Wait, that’s it? I almost want to ask if he forgot something. I was prepared for a sermon on how I’m nowhere near Black Swan material or, at the very least, a laundry list of criticism on my grand jeté or my pirouettes. But our instructor has moved on. He’s now focused on Audrey as she takes center stage. Fernando and I sit on the bench, both still panting, as we watch her.

She is flawless. Every one of her steps is so carefully executed. And her port de bras is definitely on point, pun intended. Her face relaxes as soon as the music stops. She doesn’t quite smile, but I can tell she’s pleased with herself.

Monsieur Dabrowski paces around the room for a minute, like he’s considering what to say. Finally, he stops and purses his lips. “How did you feel, when you were dancing?”

Audrey frowns. “Uh, good…”

He nods. “What were you thinking about?”

“During my routine?” Audrey plays with her fingers, looking confused. I would be, too. “About the steps…whichever one was coming next.” She doesn’t sound so sure.

Our ma?tre nods again, his face impassive. This man is a puzzle. A very hard one to solve. “Can you tell me the story of Swan Lake? What is Odette’s story?”

Audrey perks up a little. That answer we all know. “She’s cursed. A swan by day and a young woman by night. She can only be free if a man promises to love her, and her alone.”

“And how do you think she feels about that?”

Audrey’s chest rises and falls slowly. She’s still catching her breath, and probably praying that she’ll get off the hook very soon. “She’s sad…and confused. Angry?”

“You don’t know,” Monsieur Dabrowski says sharply. It’s not a question. “You have memorized the steps; you perform them extremely well. But you don’t understand how Odette feels. You’re not in her skin, in her heart, or her mind.
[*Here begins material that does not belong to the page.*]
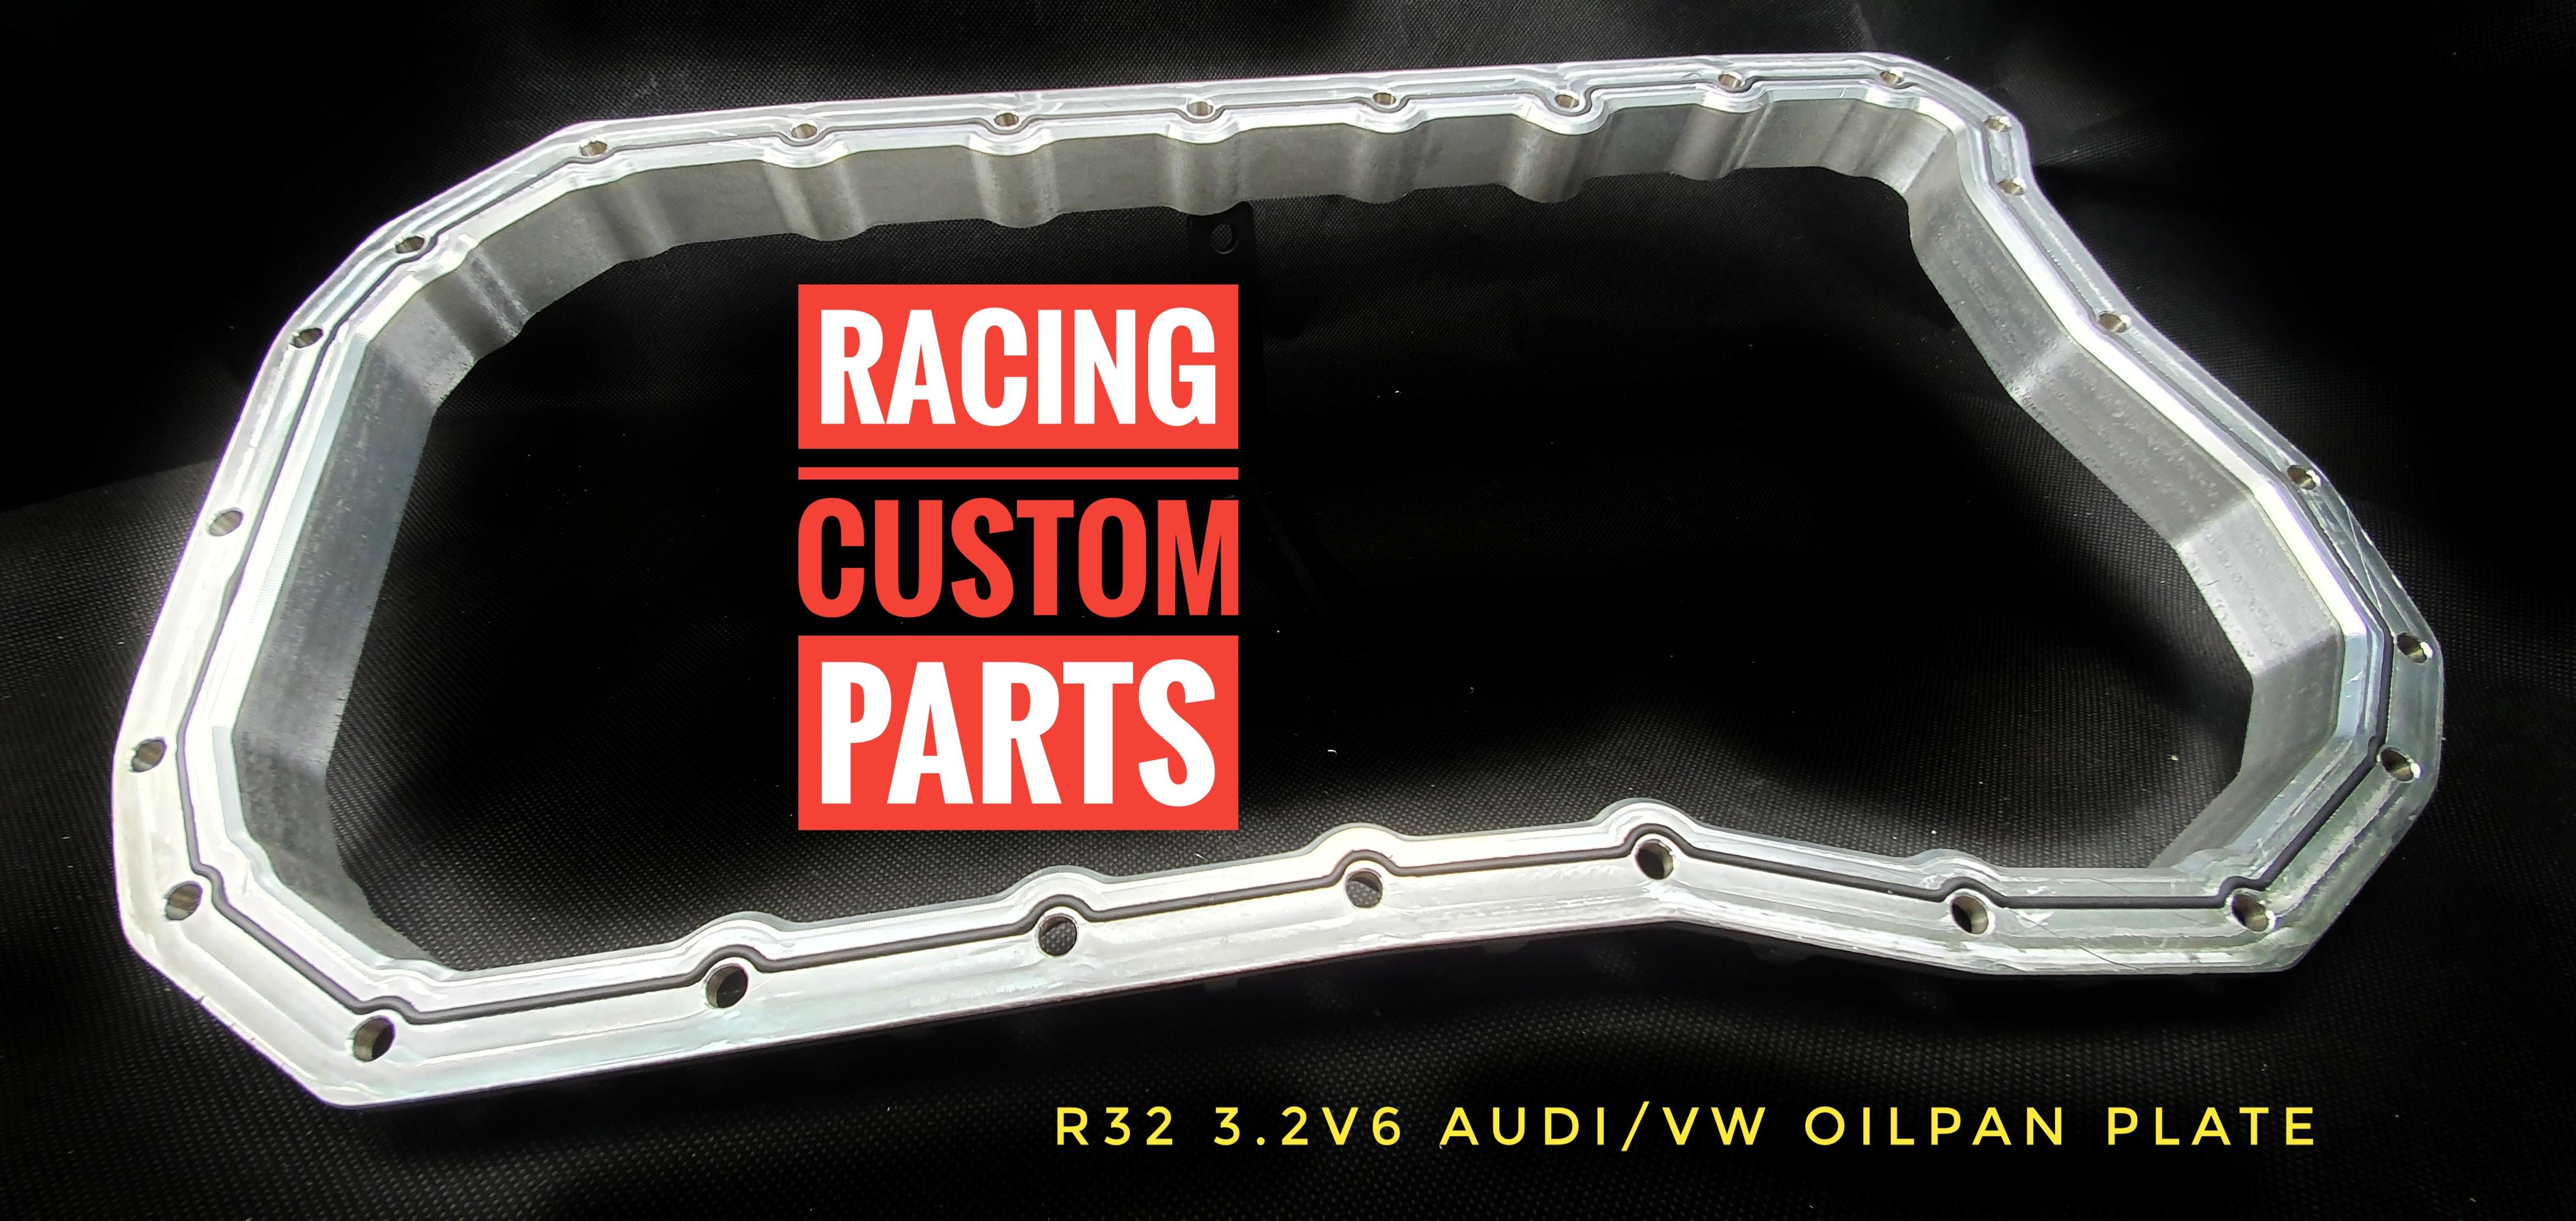 r32 oil pan billet plate racing custom barts r32 turbo audi vw billet cnc

You’re not the White Swan. You’re just Audrey Chapman, pretending to be.”

Audrey’s eyes grow wider as he speaks. Mine do, too. I can’t believe he just said that. She’s the best dancer I know.

We rehearse for a while longer, but I can tell Audrey is elsewhere. The minute Monsieur Dabrowski leaves the room, she rushes to the bench; jams her arms through the sleeves of her cardigan; and wipes her sweaty forehead, along with the corners of her eyes (which are filling with tears), with the back of her hand. Then she snags her bag before running out. I call out after her, but she’s determined to get away as fast as possible. I don’t blame her.

* * *

On my way home, I almost fall asleep on the shoulder of the businesswoman sitting next to me on the métro. In the subway car, a young man croons a song in French a cappella, looking for tips, and the music begins to lull me to sleep. I’m not just tired. I’m drained, wiped, completely done in. In fact, I don’t think I understood the true meaning of exhaustion until this week. Sure, I’ve taken my fair share of Epsom baths, I’ve used ice packs on every part of my body, and I’ve spent hours stretching while watching videos of the greatest ballerinas performing in the classics. But I have never felt like the shoulder of a total stranger would be an appropriate place to rest my head. Until now.